[Brief]:
Without copying any picture, transcribe exactly the lines of the data below from the one containing "Rosa Maxi Dress" through the one containing "#streetart #streetartparis #parisstreetart".

Records contained in a dataset
- - -

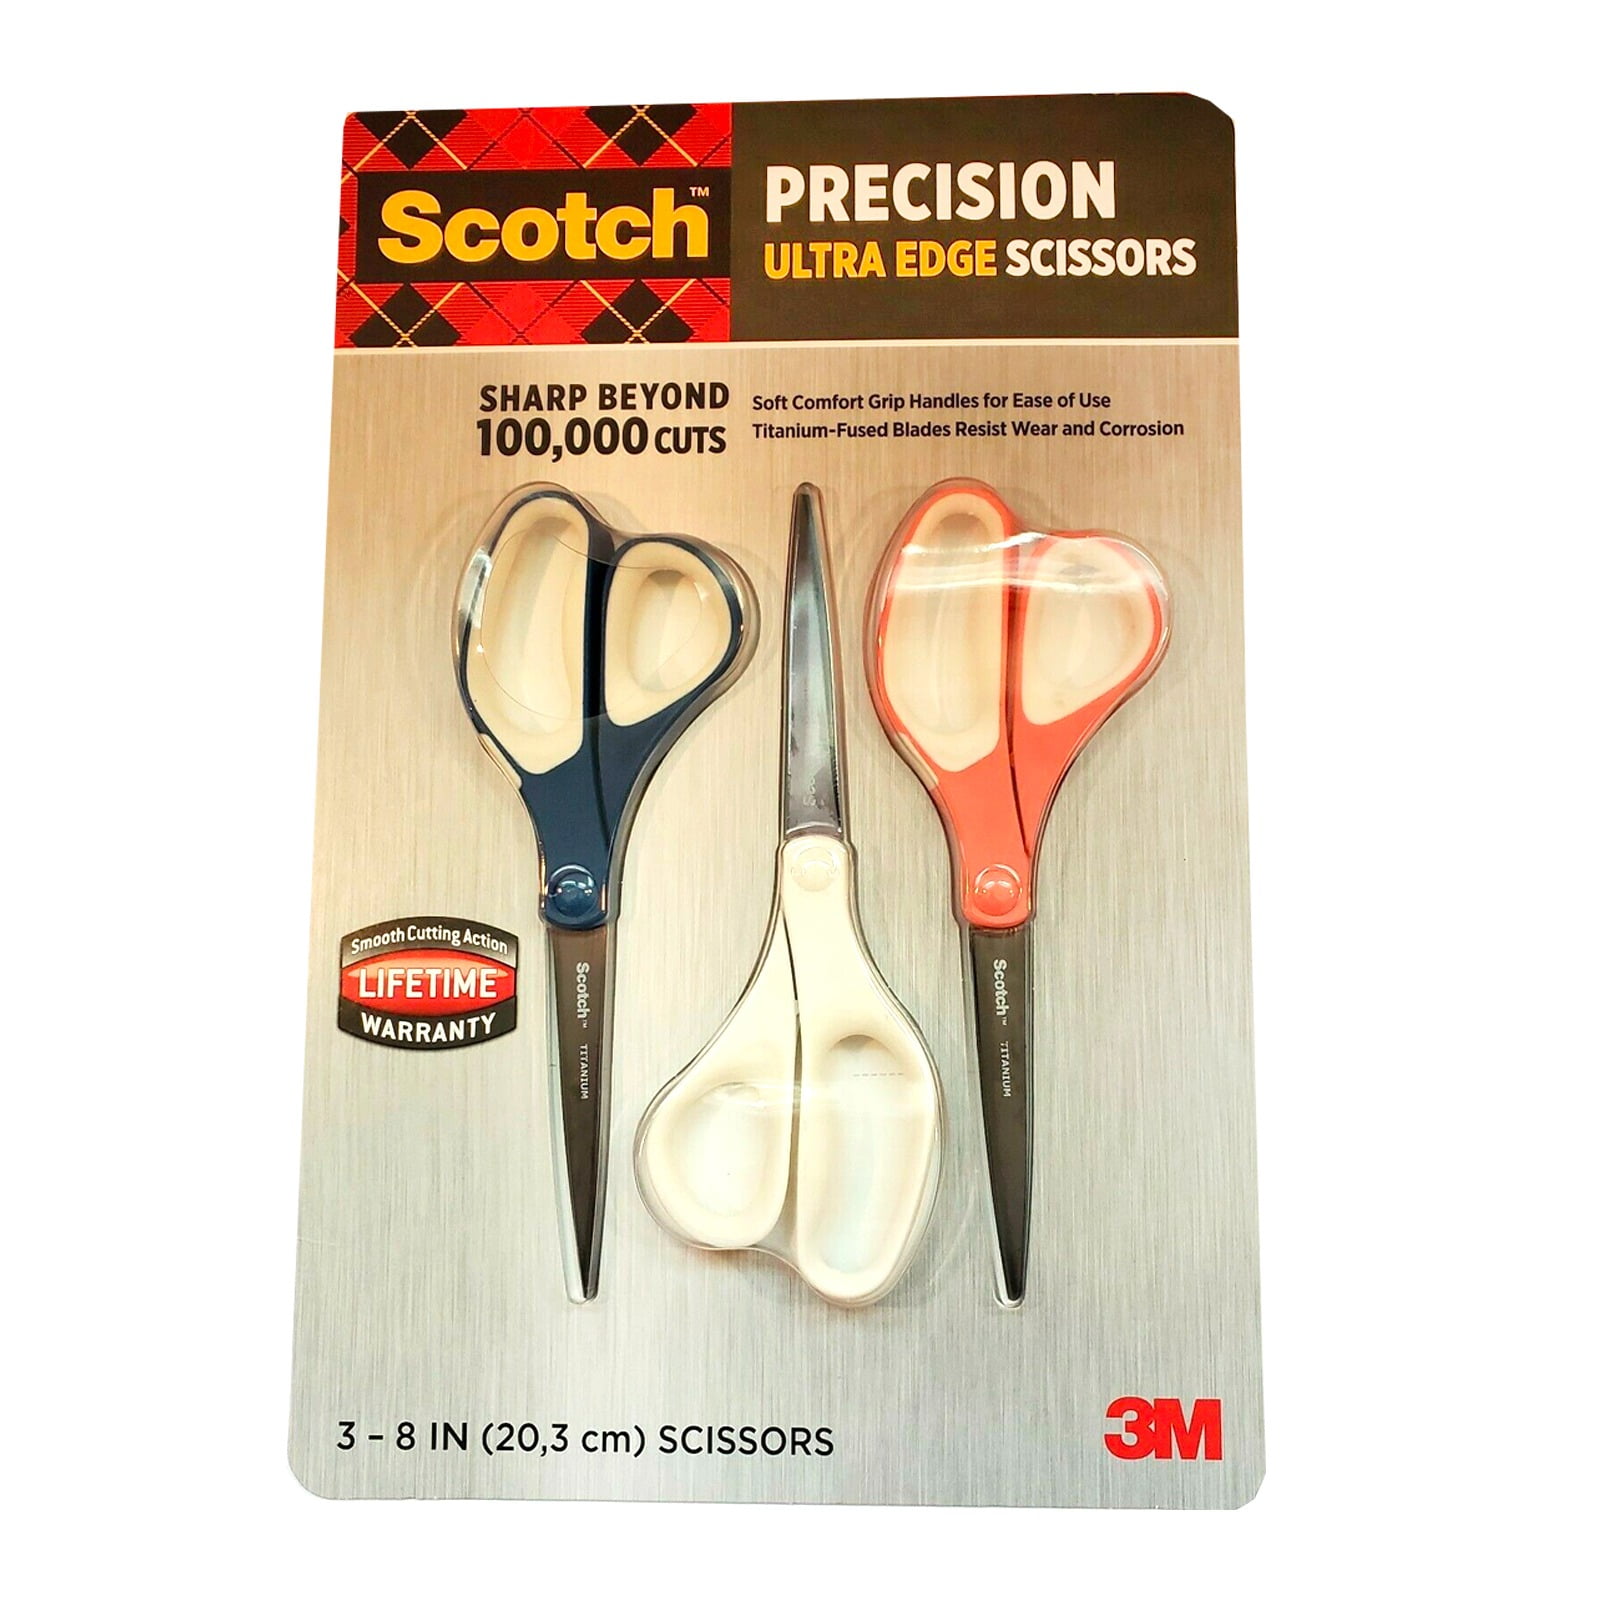 Scotch Non-Stick Precision Ultra Edge Scissors and Precision Scissors,  Multipack
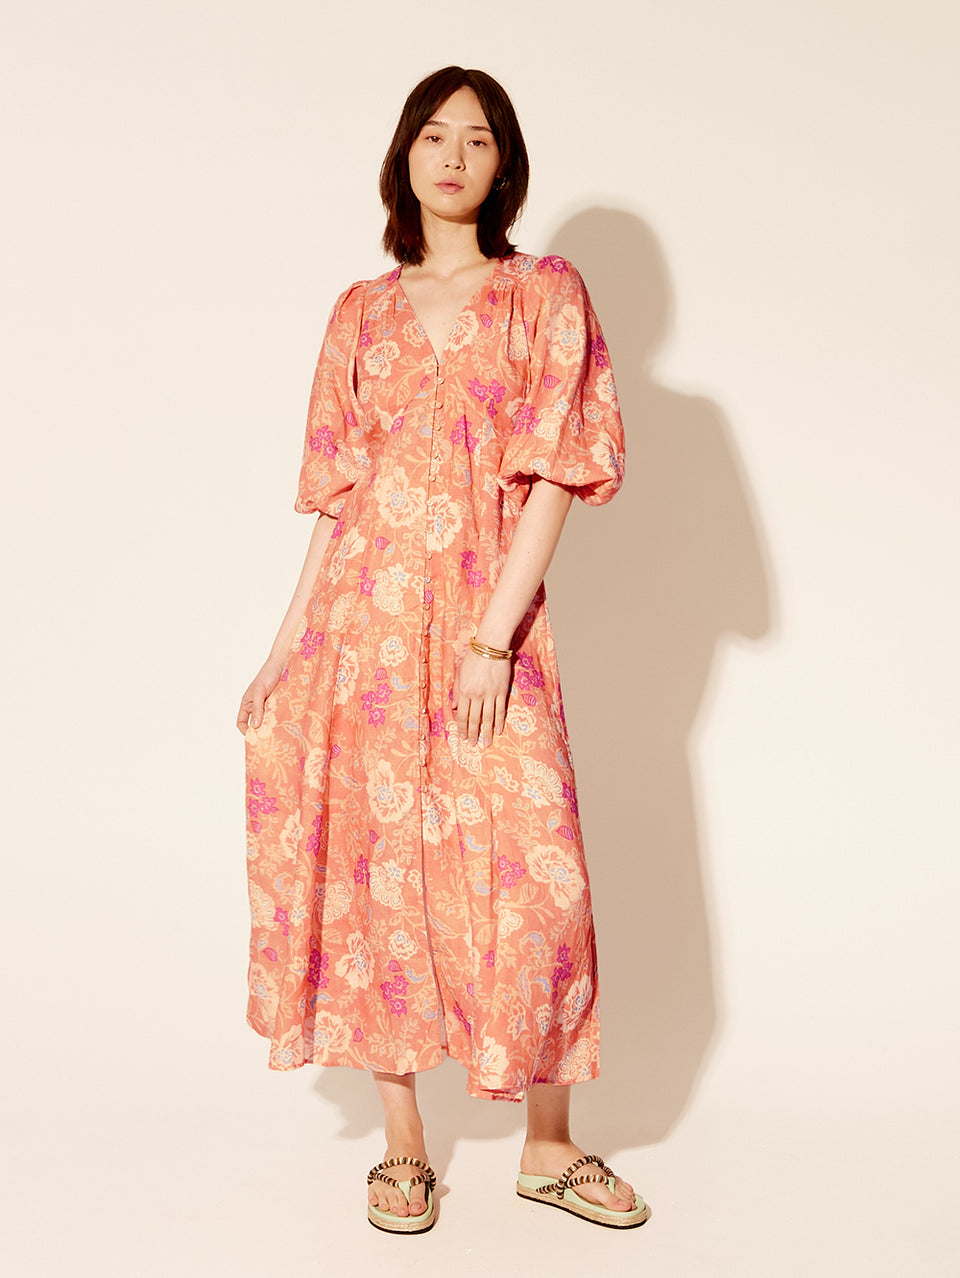 Rosa Maxi Dress KIVARI | Model wears pink floral dress
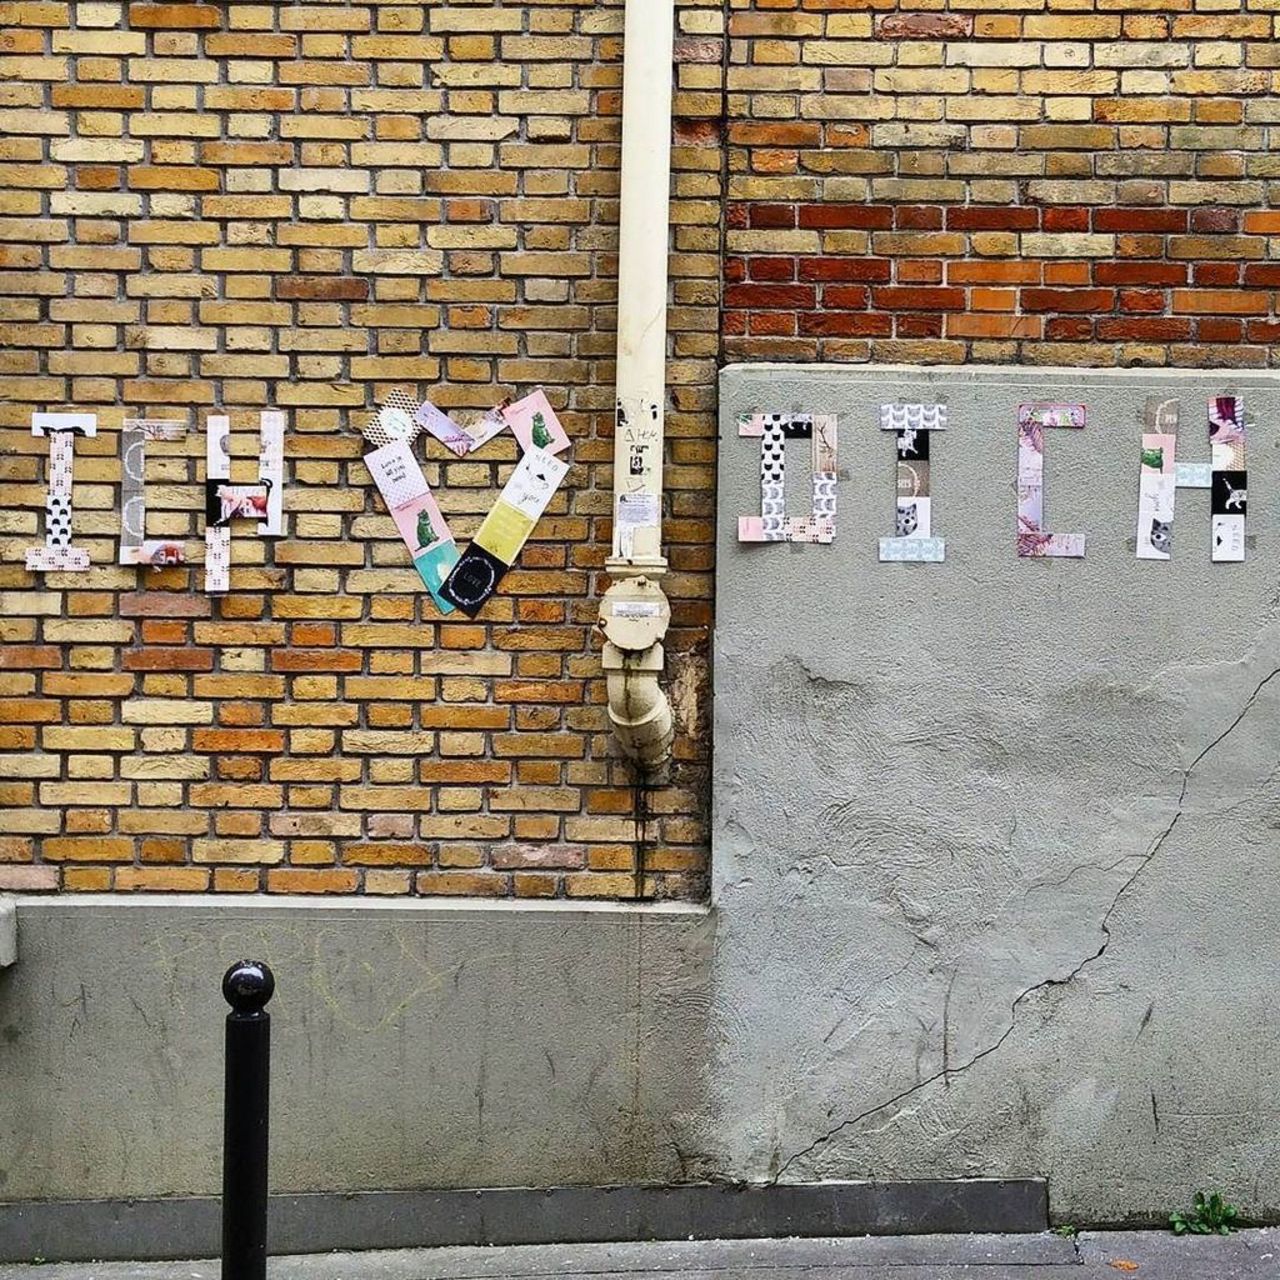 German quote in Paris "Ich liebe dich"

#streetart #streetartparis #parisstreetart #parisgraffiti #graffiti #graffi… https://t.co/57PsnMd6UU
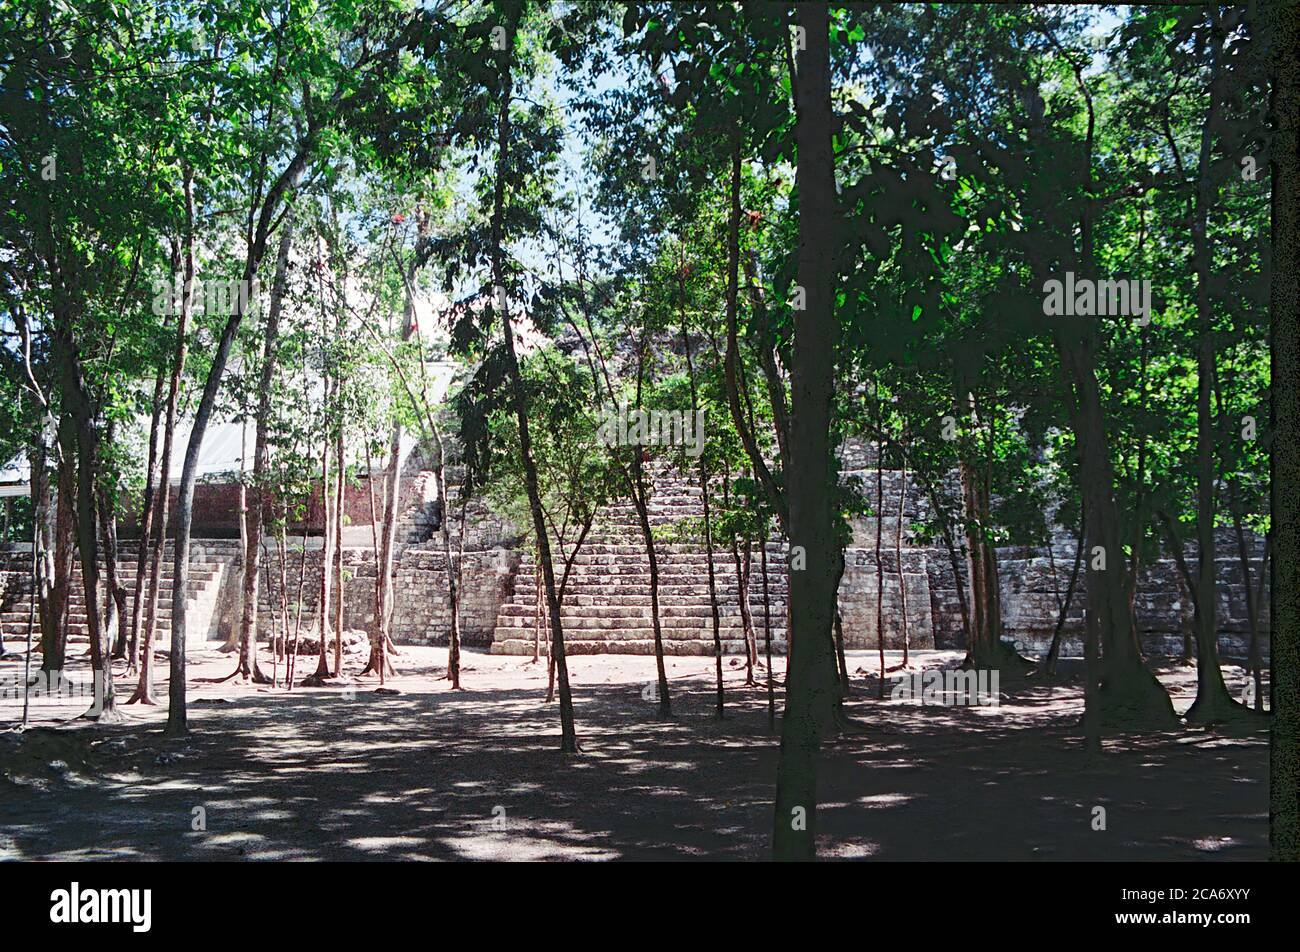 Struktur I. auf der linken Seite ist das Metalldach von Archäologen verwendet, um den berühmten Fries zu schützen. Balamku Maya Ruinen. Campeche, Mexiko. Vintage Film Bild - ca. 1990. Stockfoto

- - -

[Problem solution]:
 Rosa Maxi Dress KIVARI | Model wears pink floral dress
 German quote in Paris "Ich liebe dich"

#streetart #streetartparis #parisstreetart #parisgraffiti #graffiti #graffi… https://t.co/57PsnMd6UU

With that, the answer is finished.